A key observation here is that there’s no particular reason for these terms to use the same value of a, and in fact it’s probably advantageous for them to use different values of a, because the first pass using a₀ will probably suck up most of the energy at frequencies that fit neatly into a₀ — the residual error will be particularly low around those frequencies. So it might be a good idea to use a sequence of strides a₁, a₂, etc., zero-padding the kernel if necessary, to get a better “low-rank” approximation. The autocorrelation function of the residual kernel is probably a good guide to picking those strides, although this greedy algorithm might not produce optimal results.

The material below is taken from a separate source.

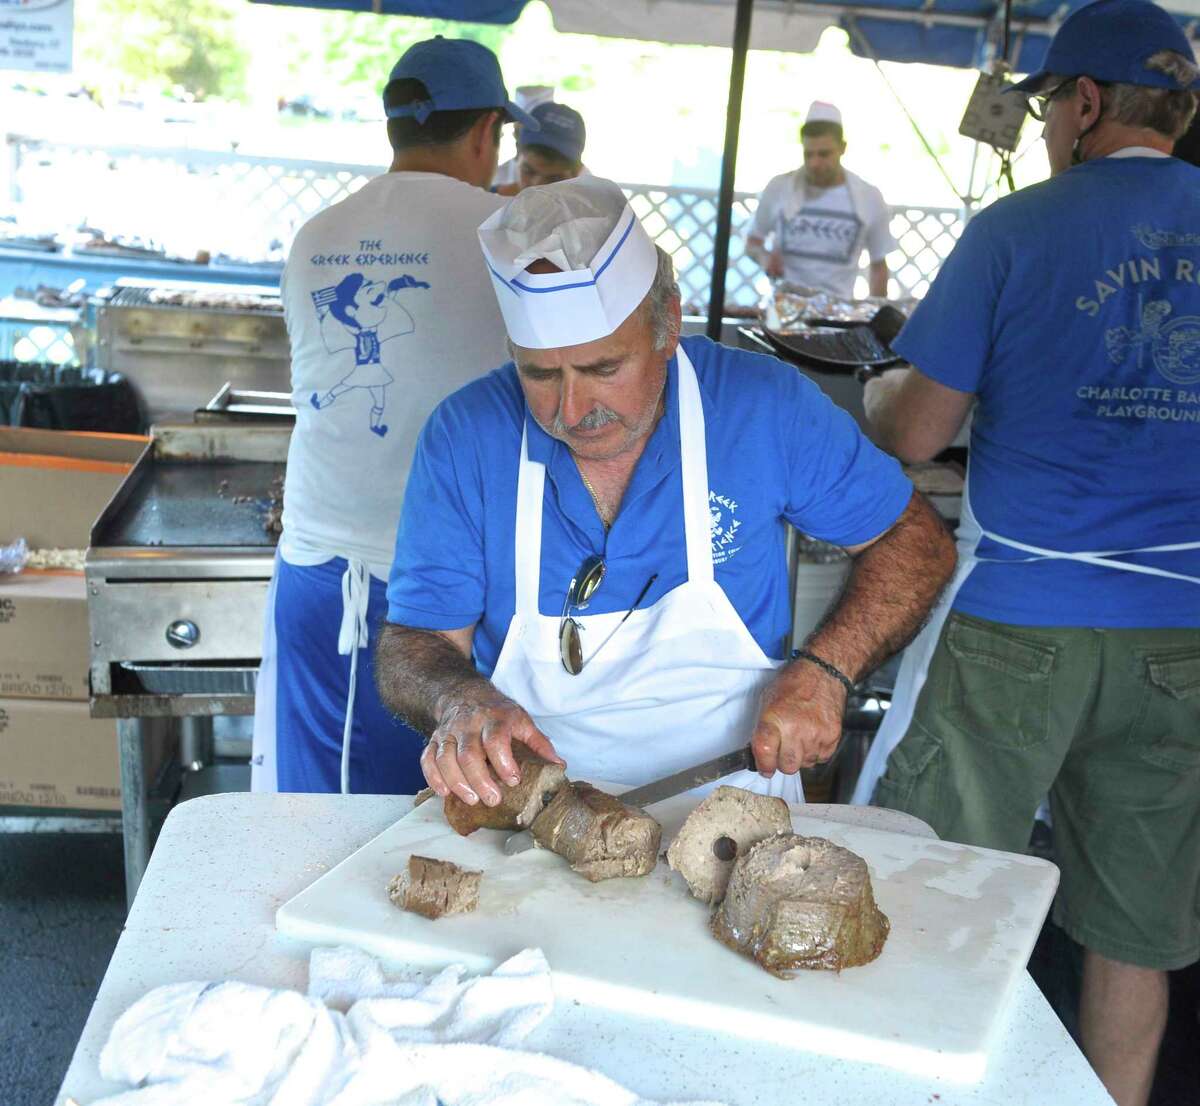 Spiro Rountos, of Danbury, cuts meat for gyros during the annual Assumption Greek Experience Festival, Friday, June 8, 2018, in Danbury, Conn. 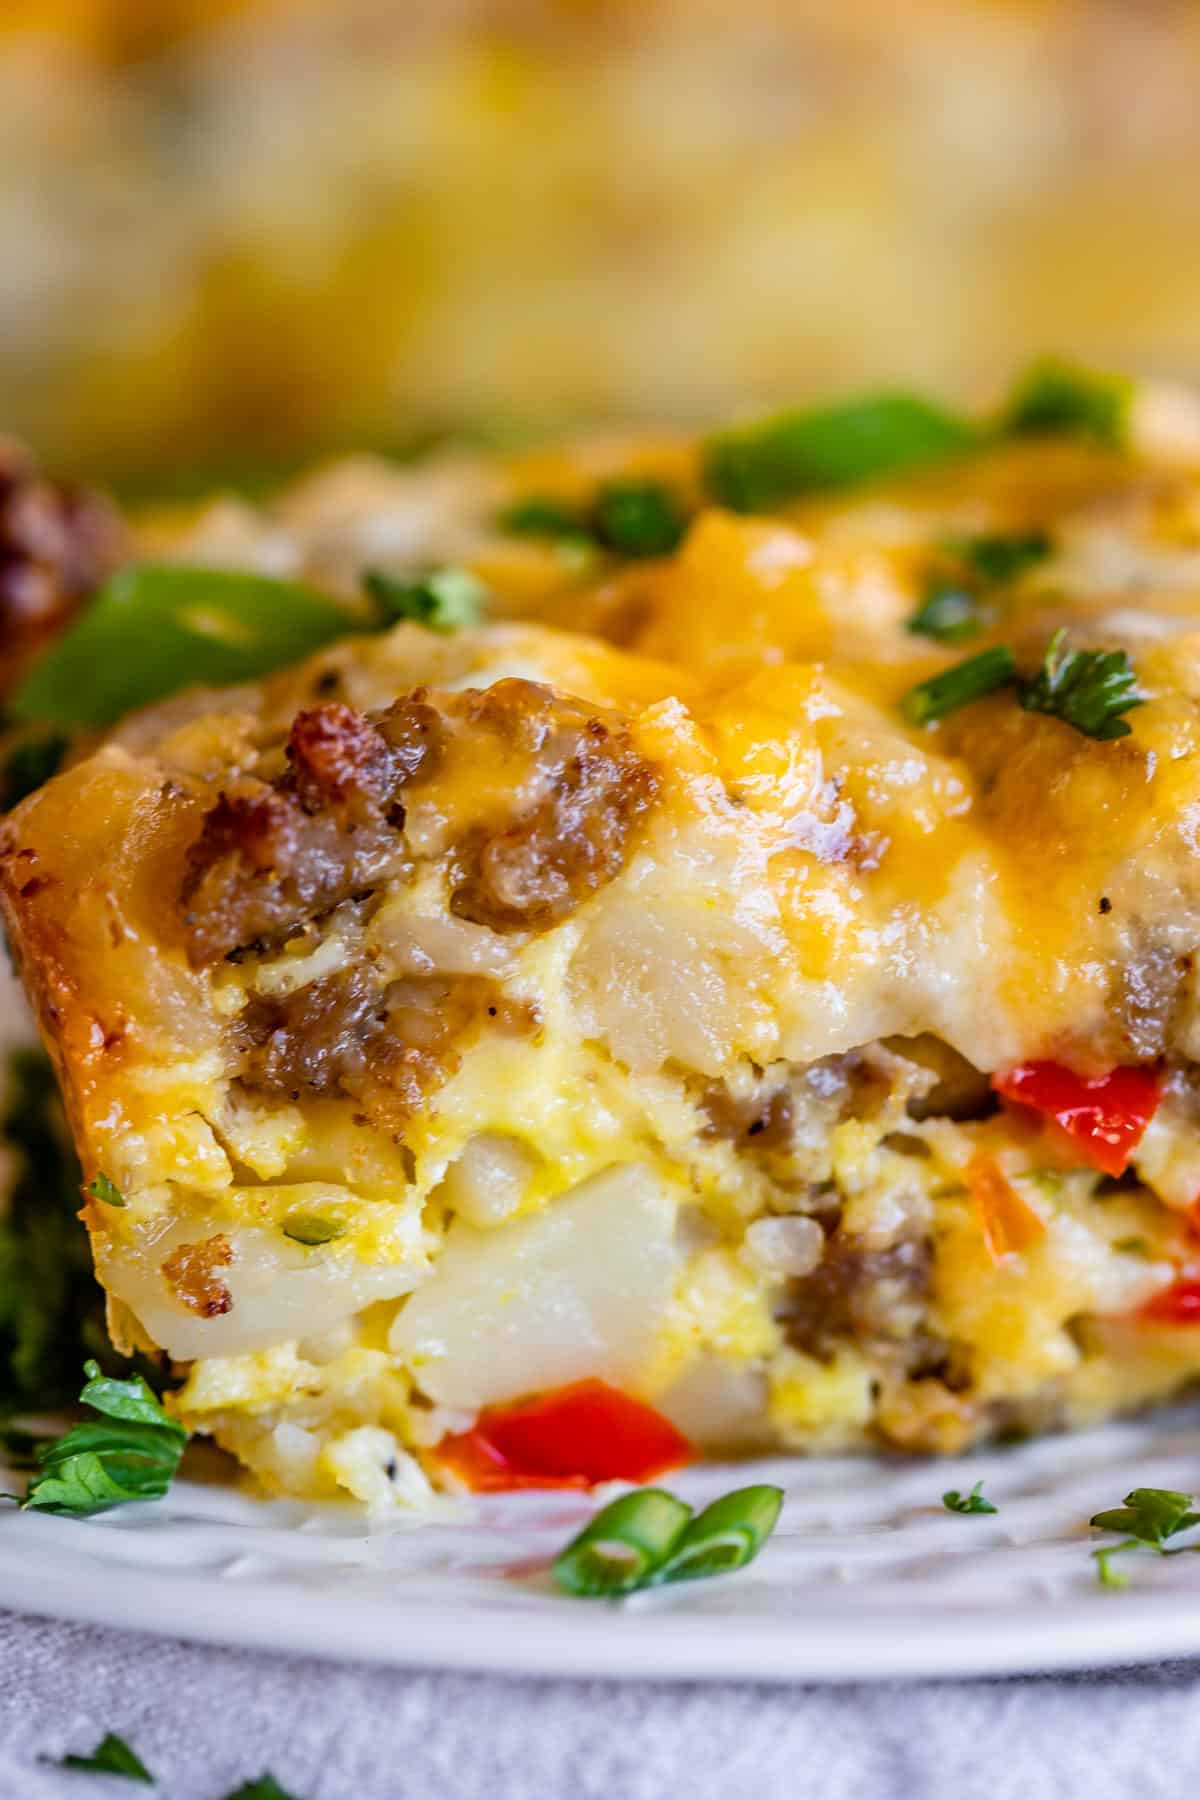 Easy Overnight Breakfast Casserole with Sausage - The Food Charlatan

Also, since this reduces one linear convolution to two or more cheaper linear convolutions, it can be applied recursively — for example, you could reduce a 1000-tap kernel to a 10-tap kernel and a 100-tap kernel, then reduce the 100-tap kernel to two 10-tap kernels. This is clearly cheaper to compute if you’re only using the first vector from the SVD, but you might need more than one! If you use more, we’re not talking about two 10-tap kernels in the final stage, but about many final 10-tap kernels — 4 of them if you use two components each time. Still a big win — 2·10 + 4·10 + 4·10 = 100, much less than 1000 — but less so.

If you do this kind of recursive decomposition (which, incidentally, can also be used on the one-dimensional kernels that result from the two-dimensional algorithm), the SVD no longer gives you fully optimal results, because you aren’t precisely using the first principal components — you’re using some approximation to them, leaving some extra error. This suggests that some kind of iterative algorithm like the greedy algorithm described above will probably produce better results.

(I think you can probably approximate the first principal component reasonably efficiently by using the PageRank algorithm on M*M and MM* to get their largest eigenvectors, rather than computing the full SVD.)

On prefix-sum images (uh, probably not)

One of the annoying features of the low-rank approximations produced by SVD is that they don’t deal very well with diagonal edges or gradients in the kernel. I wonder if you could “precondition” the image by running horizontal and vertical prefix sums on it (allowing wraparound on overflow) and apply compensating finite-difference operators on the kernel before computing the SVD approximation. Without the approximation step, this would be precisely equivalent, because the integration and differentiation operators cancel, and convolution is associative. But perhaps by removing the large-scale structure from the kernel, leaving more local differences, the SVD approximation would have less error.

As an extreme example, consider a kernel like this contrived rank-5 specimen:

 1  2  3  4  5
 2  4  6  8 10
 3  6  9 12 15
 4  8 12 16 20
 5 10 15 20 25

Upon applying a horizontal backward differences operator to it (the inverse of horizontal prefix sum), you get this rank-1 result:

 1  1  1  1  1
 2  2  2  2  2
 3  3  3  3  3
 4  4  4  4  4
 5  5  5  5  5

And on differencing that vertically, you get this singular matrix:

 1  1  1  1  1
 1  1  1  1  1
 1  1  1  1  1
 1  1  1  1  1
 1  1  1  1  1

This kernel is clearly much easier to represent.

I’m very much not sure that this would help, though; I think it depends on the kinds of features you find in kernels.

(P.S. I tried it on a kernel like the circle bokeh kernel above. It made the approximation enormously worse.)